Anyone who knows the show, knows that it involves plane crashes, surviving, dying, being taken prisoner, being beaten mercilessly, inadvertently traveling through time, an evil black fog monster, and a whole host of situations that take enormous creative liberties in an effort to weave a storyline that doesn’t stagnate. All in all, the process is successful in keeping you coming back for more, or keeping us coming back for more anyways. However, one cannot help but to verbalize how certain parts of the story are just plain annoyingly unrealistic. My girlfriend and I have to remind each other that “you’re doing it again”, whenever one of us calls the show out for something so unrealistic that we couldn’t help but point it out. When this happens, we kiddingly make a finger swipe in the air, indicating that the other is getting another strike for complaining about an action in a fictional story, as if it is anything other than a fictional story.

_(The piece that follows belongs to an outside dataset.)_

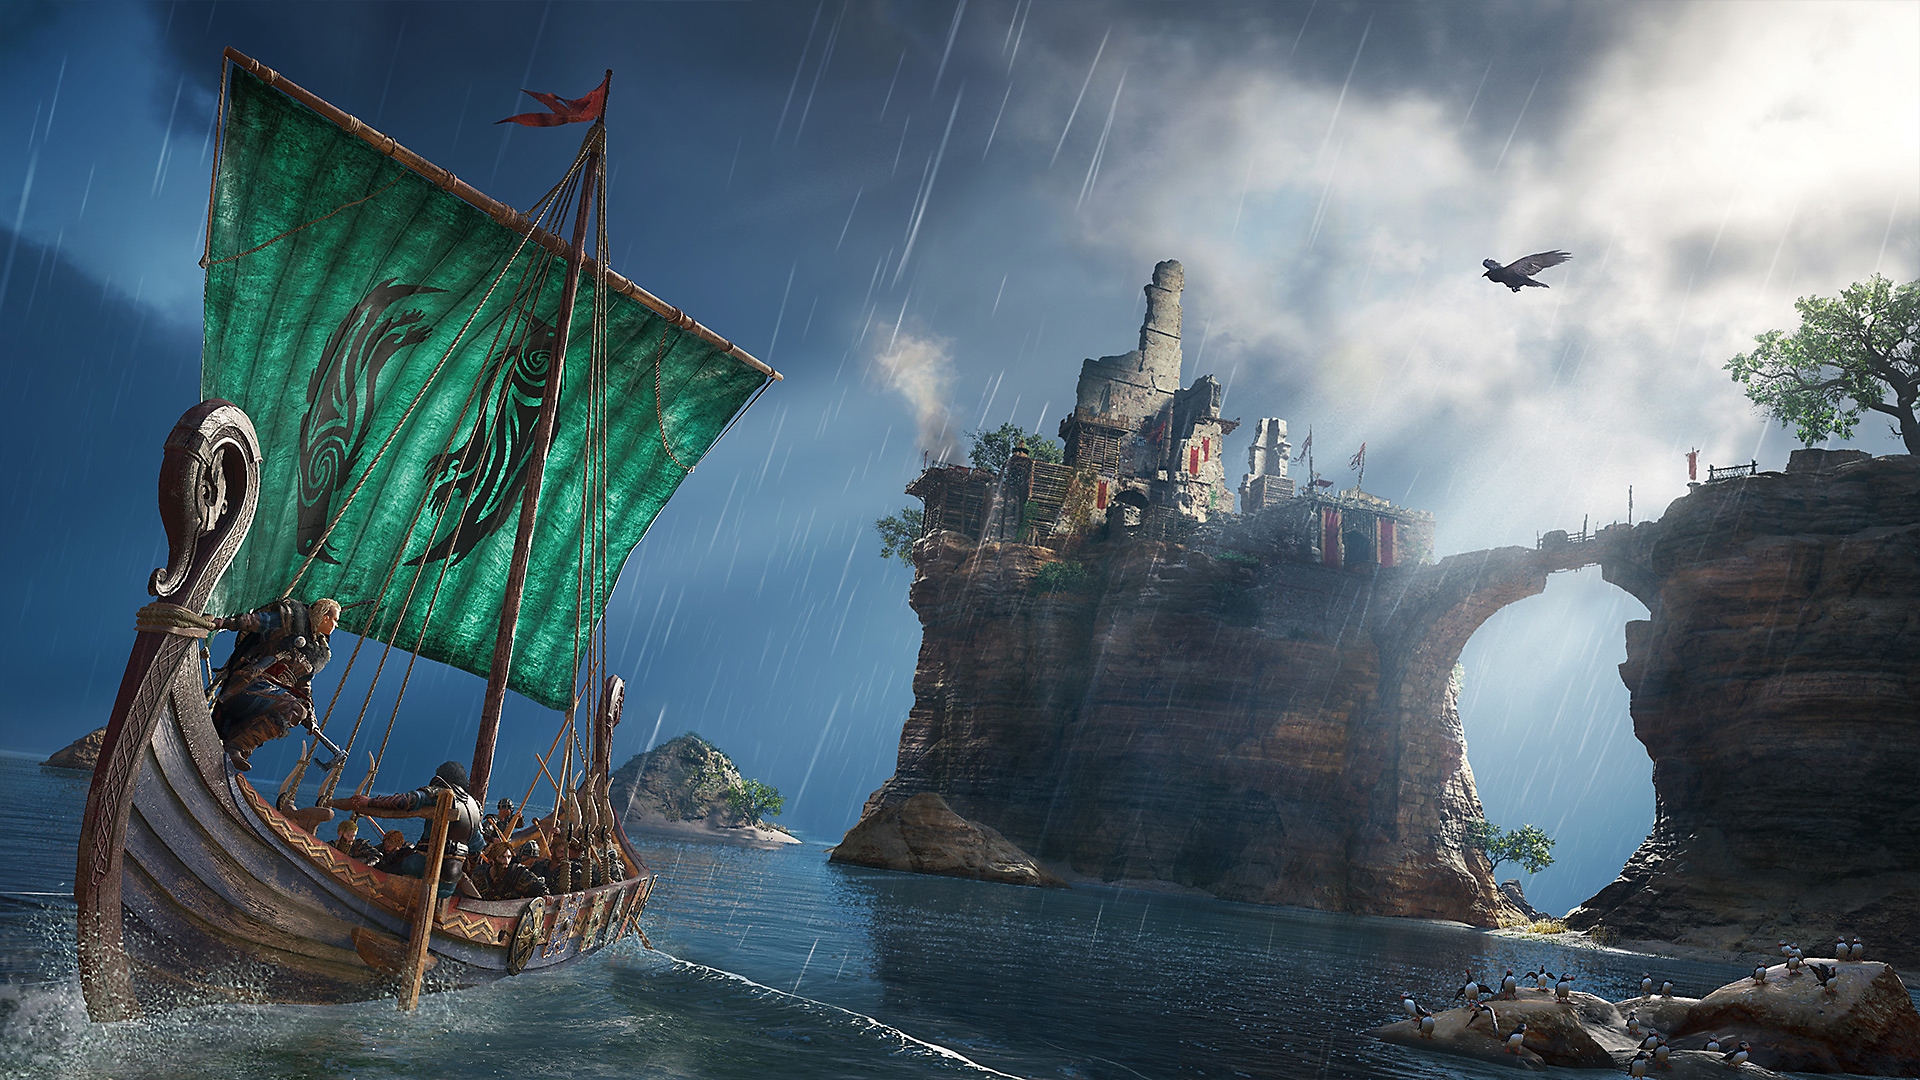 Captura de pantalla de Assassin's Creed Valhalla que muestra al personaje en un barco vikingo mirando un edificio en tierra elevada

For instance, my annoyance comes anytime where someone knocks someone else out with a blow to the head. This happens all the time in the show, and it is usually done because the storyline simply needs for one the characters to all of the sudden be unconscious, so the other character(s) can do something that the other guy would have objected to, and thus redirect the storyline on another course. This actually happens often in film and television, but it happens a lot more in “Lost”. In reality, one would think that this is a seriously dangerous thing to do, especially to a friend – but in the show it seems like they do it all the time, and each time the victim wakes up a little groggy, but nonetheless perfectly fine, and most of the time not even that upset about it.
The point that I am trying to make here, is that debating these things is quite pointless. They have a purpose, and that purpose has much less to do with being realistic than it has to do with forcing a fictional story to go in an intended direction. So when I see intelligent people debating biblical scriptures that are so pointedly disconnected from reality, it just seems like such a laughable, pointless exercise … just like pointing out that the car chase in some block buster movie - where villains are shooting at each other while leaning out the windows and recklessly driving at high speeds through downtown mid-day traffic for ten minutes - couldn’t happen without at least one police car encountering them. The story would be hindered by reality, so reality is suspended to nurture a fictional tale that can go in any direction the writer wants it to go – BECAUSE IT’S FICTION. Yet, religion somehow has the ability to override this sensibility, and make otherwise intelligent people “lost” to the reality of what they are forcing themselves to accept.

I have had lengthy debates on newsvine with fundamentalists who go to great lengths, and by great lengths I mean light years, to make the story of Noah and the great flood plausible. This is both entertaining and exhausting. They will provide proof that water covered the earth with the discovery of sea shells on mountain tops, and completely dismiss plate tectonics. One of them claimed that the pairs of animals included pairs of people of every race from around the planet! Imagine that – a pair of people of every race had an urge to follow pairs of strange, foreign animals across continents, oceans, glaciers, canyons, mountains, etc., to find a foreigner who was doing something so ridiculous that even his peers mocked him. I would rather read the stories of THEIR travels, than the story of the guy who built the ark, as they surely had to involve more adventure and intrigue. The fundies will refuse to admit that the ark simply was not big enough to contain a pair of every animal, plus the other animals required to keep the group alive – particularly when you factor in how many more species there were back then that do not exist today due to extinction. I could go on and on and on about how many unrealistic aspects of just this one story that I have thoroughly vetted with people who would more than likely seem like perfectly normal, thinking people on just about any other topic than biblical scripture.
But, alas, it is a pointless exercise. Swiping my finger in the air.